## [YOUR INSTRUCTIONS]
Copy out the data exactly, leaving the pictures behind.

## [DATA BLOCK]
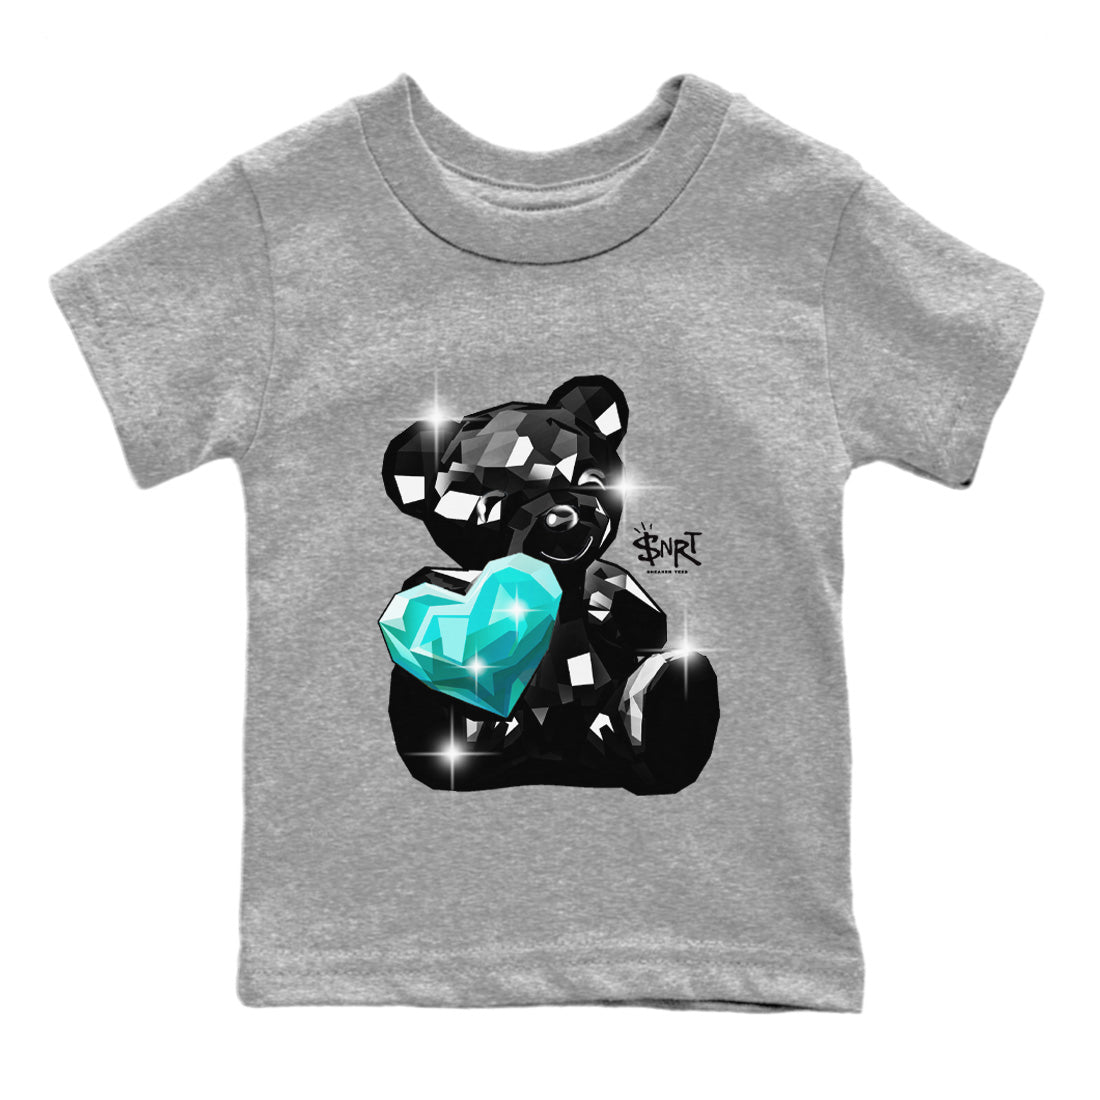 Air Force 1 Tiffany Bear Germs Baby and Kids Sneaker Tees Air Force 1 Low x Tiffany Kids Sneaker Tees Washing and Care Tip
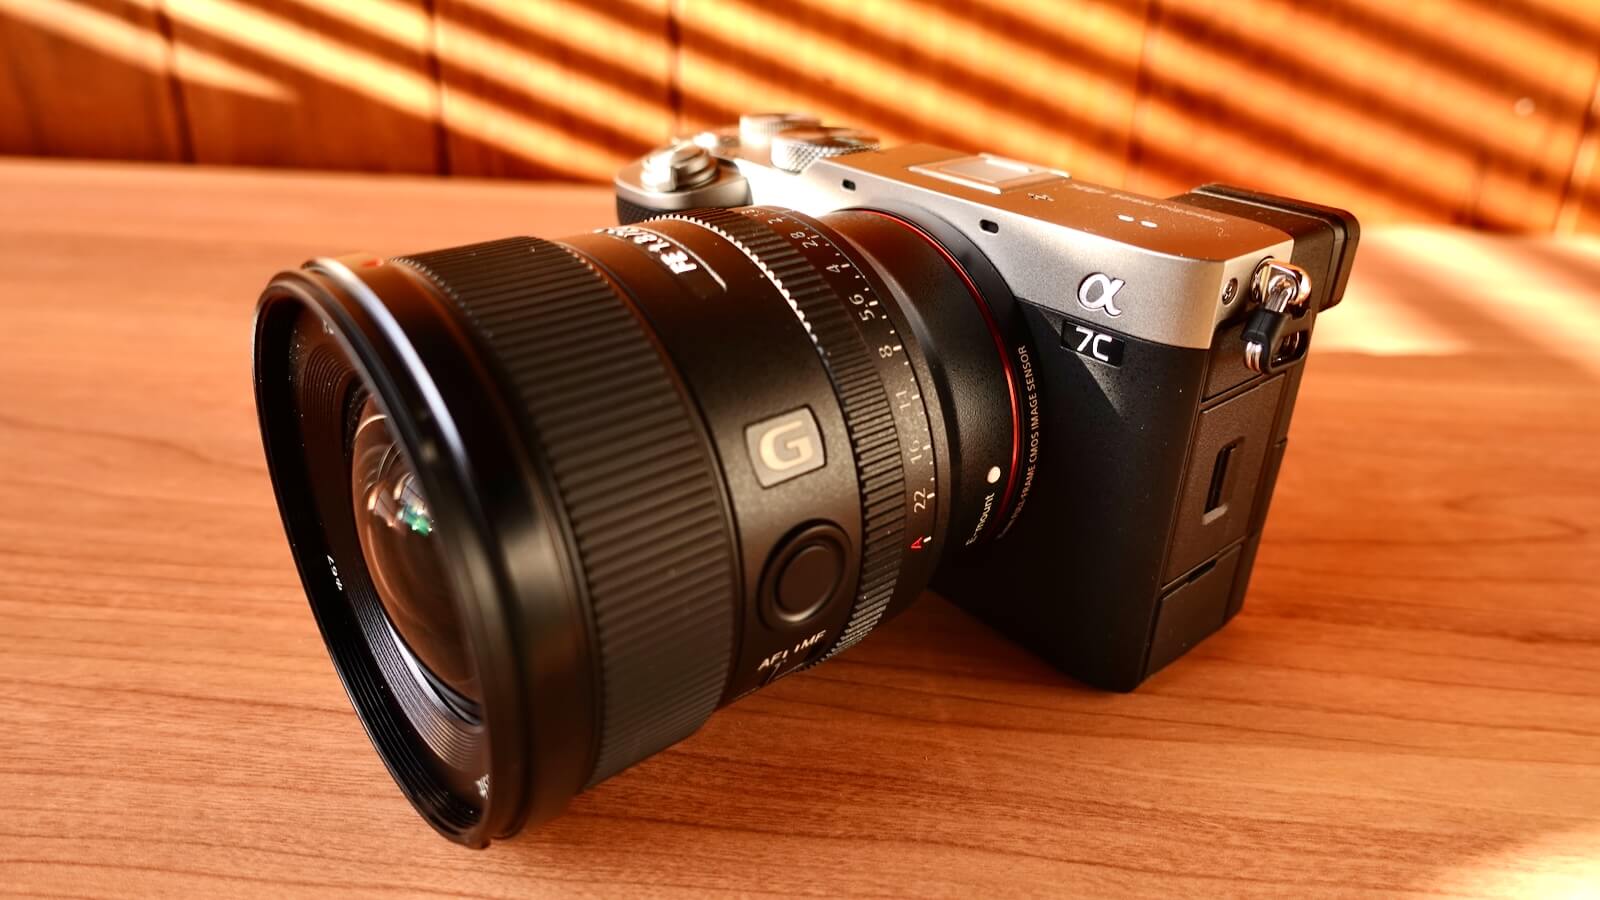 Photograph of α7c with FE 20mm F1.8 G lens attached
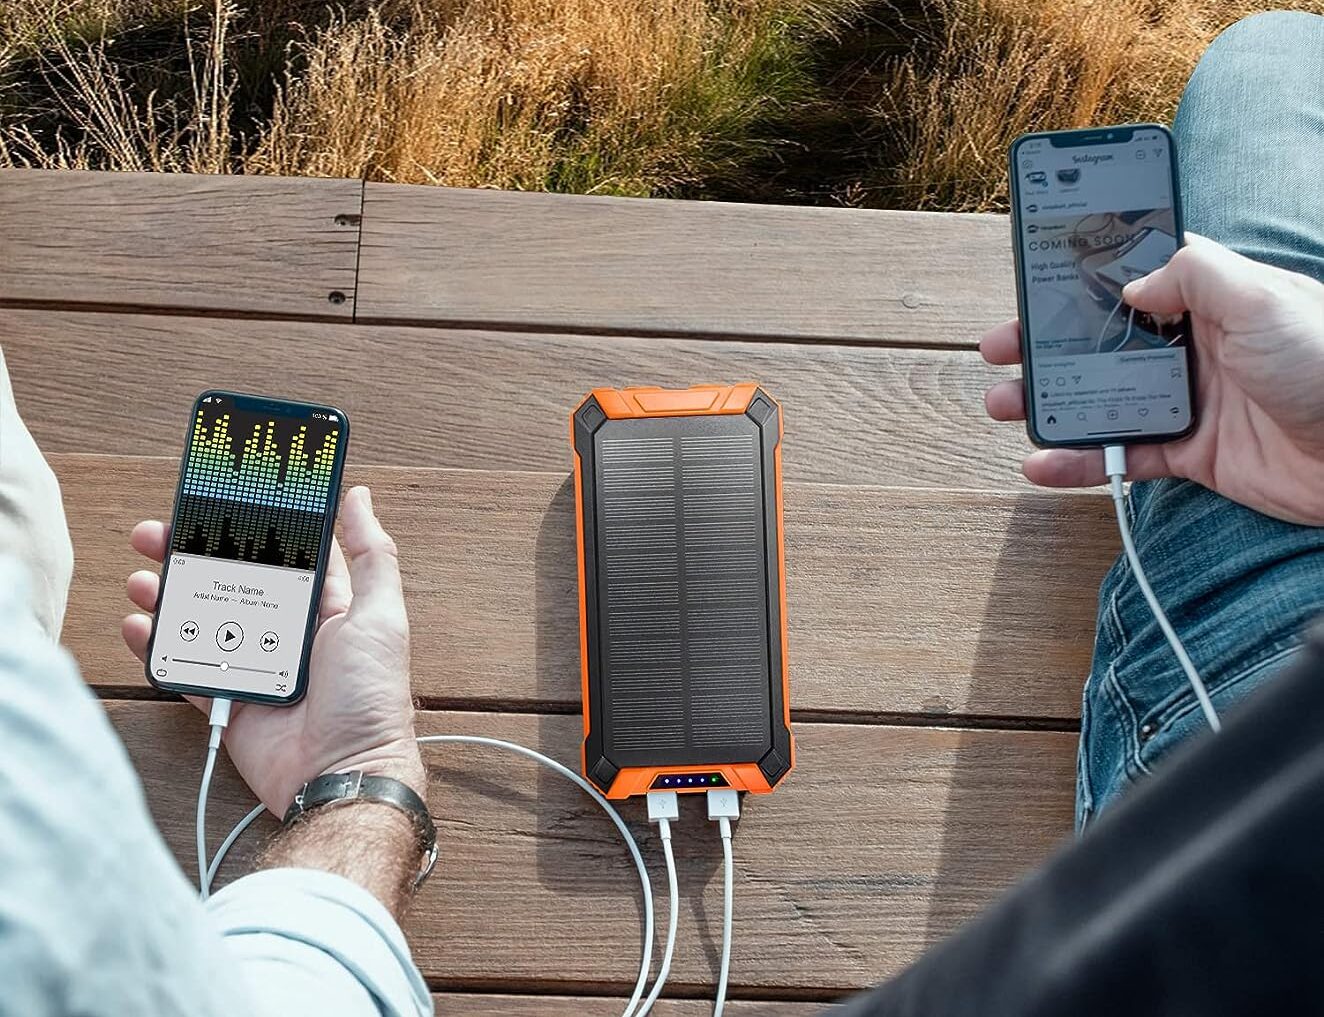 Lokking down onto bench between two seated people, organe solar battery pack charges two working phones held in the persons' hands - photo

## [EXERCISE OUTPUT]
 Air Force 1 Tiffany Bear Germs Baby and Kids Sneaker Tees Air Force 1 Low x Tiffany Kids Sneaker Tees Washing and Care Tip
 Photograph of α7c with FE 20mm F1.8 G lens attached
 Lokking down onto bench between two seated people, organe solar battery pack charges two working phones held in the persons' hands - photo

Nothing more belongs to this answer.